La question primordiale demeure la nécessité que la preuve annihile les craintes que la déclaration puisse être fausse ou autrement erronée et qu’elle fournisse une base rationnelle permettant de rejeter d’autres explications, même conjecturales.

[54]      La nouvelle règle d’admissibilité du ouï-dire ne saurait être rigide et compartimentée; elle doit, au contraire, être souple et pouvoir s’adapter aux nouvelles situations : U. (F.J.), paragr. 20.Le juge du procès, gardien des règles de preuve, possède alors « un rôle davantage complexe et nuancé » : Youvarajah, paragr. 21. Il détermine « si la déclaration relatée atteint le seuil de fiabilité », alors que le juge des faits décide de « la fiabilité en dernière analyse » : Youvarajah, paragr. 23; Khelawon, paragr. 2. La distinction entre le seuil de fiabilité et la fiabilité en dernière analyse est essentielle : Bradshaw, paragr. 39; Khelawon, paragr. 50.

[55]      La question primordiale demeure la nécessité que la preuve annihile les craintes que la déclaration puisse être fausse ou autrement erronée et qu’elle fournisse une base rationnelle permettant de rejeter d’autres explications, même conjecturales. Or, c’est exactement l’exercice auquel s’est astreint le juge de première instance et c’est la conclusion qu’il a retenue. Rien ne permet d’infirmer le résultat auquel il est parvenu alors que la retenue s’impose en appel : Youvarajah, paragr. 31.

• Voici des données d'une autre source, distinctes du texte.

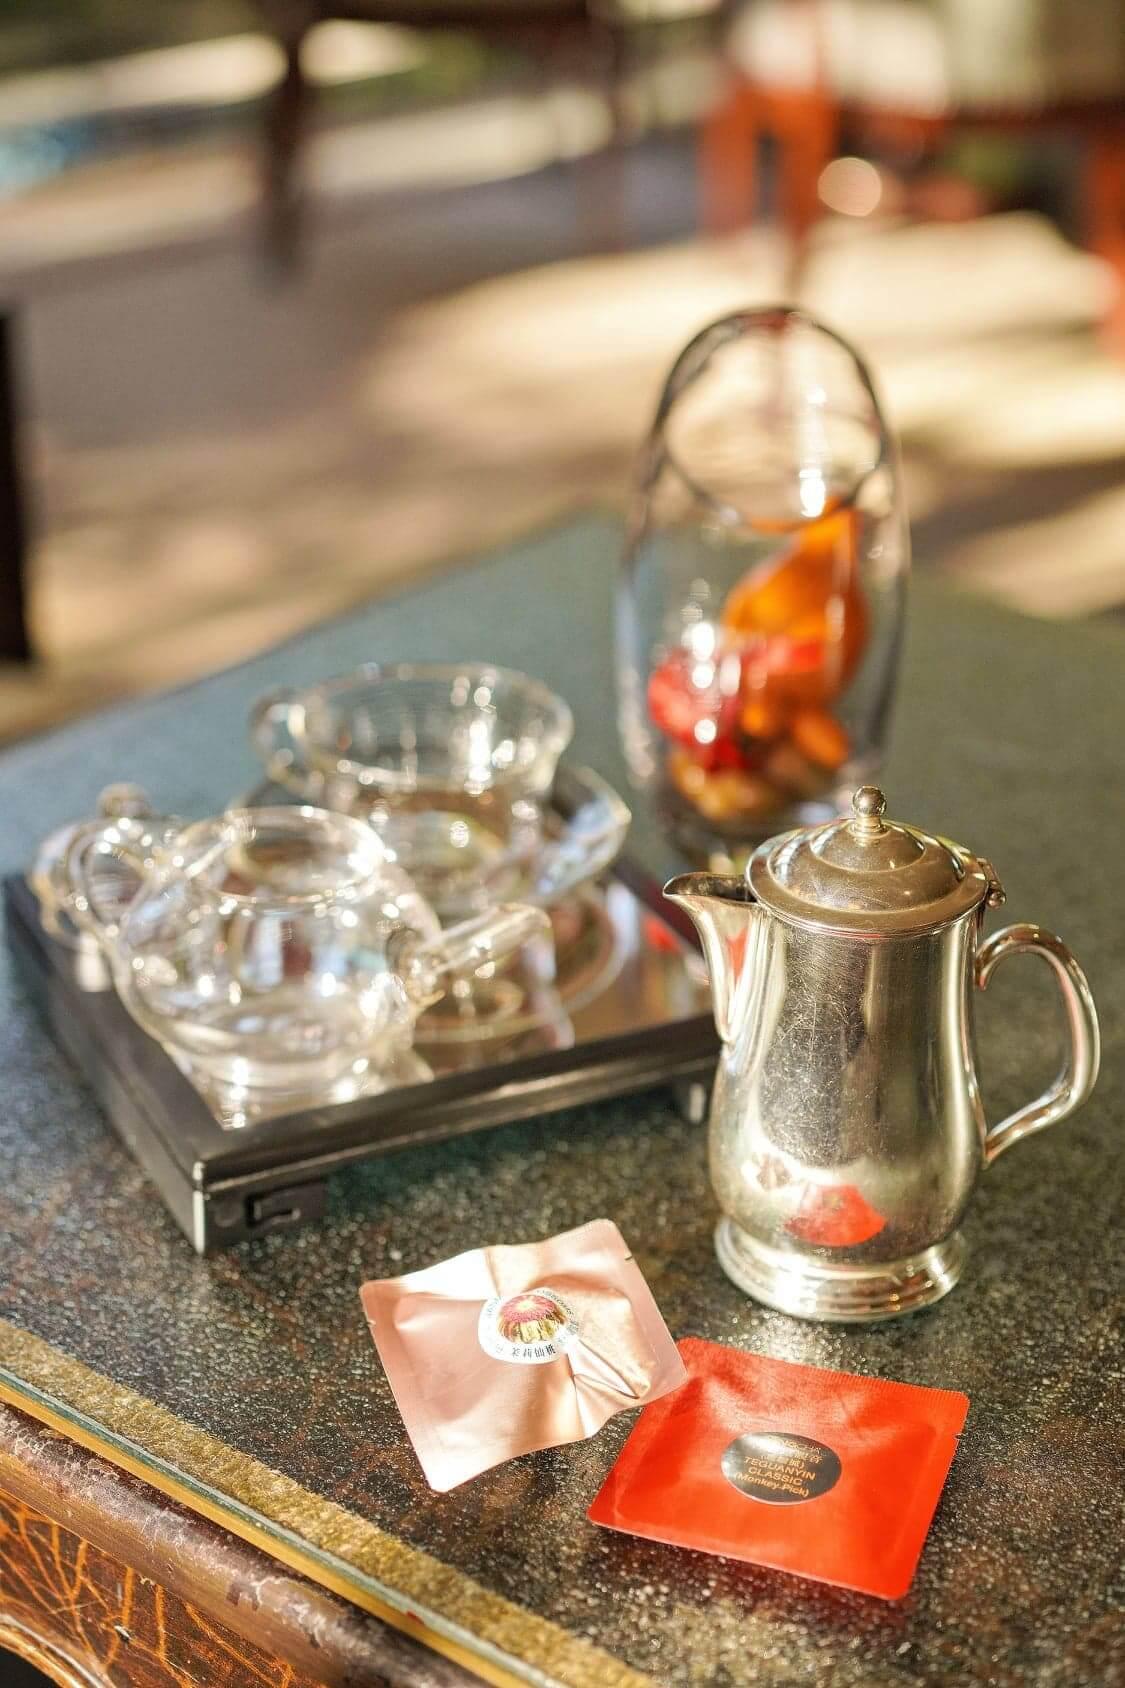 下午茶亦提供兩款精選茗茶,包括明茶房專利之茉莉仙桃,及採自安溪縣烏龍嘅古方鐵觀音。

[56]      Il est vrai, lorsqu’il s’agit d’évaluer la fiabilité substantielle, que Bradshaw requiert qu’une preuve de corroboration porte sur un aspect important de la déclaration. Il faut toutefois examiner cette exigence dans un double contexte : celui de l’arrêt Bradshaw et celui du présent dossier.

[57]      Les faits singuliers dans Bradshaw sont importants : R. v. Larue, 2018 YKCA 9, paragr. 98-101 (la juge Dickson) confirmé par 2019 CSC 25, [2019] 2 R.C.S. 398; R. v. Hall, 2018 MBCA 122, paragr. 77-78. Dans cette affaire, le déclarant, une personne à la crédibilité douteuse et visée par Vetrovec, avait antérieurement, et sur une longue période, fait plusieurs déclarations contradictoires sur sa propre participation aux meurtres et sur celle de l’accusé, alors que le seul aspect susceptible de corroborer sa dernière déclaration était les conditions météorologiques et la preuve médicolégale confirmant la manière de commettre les meurtres. On peut comprendre qu’il fallait être particulièrement exigeant avant de permettre le dépôt d’une déclaration provenant d’un tel témoin.

[60]      Par ailleurs, l’analyse de notre collègue portant sur la preuve de corroboration se fonde en grande partie sur Bradshaw qui, de son côté, a été rendu dans un contexte différent du nôtre puisque, dans cette affaire, le juge s’était basé principalement sinon exclusivement sur la corroboration pour admettre la preuve (la fiabilité substantielle). Ce n’est pas le cas ici, même si le juge n’a pas rigoureusement distingué les deux approches (fiabilité substantielle/fiabilité d’ordre procédural).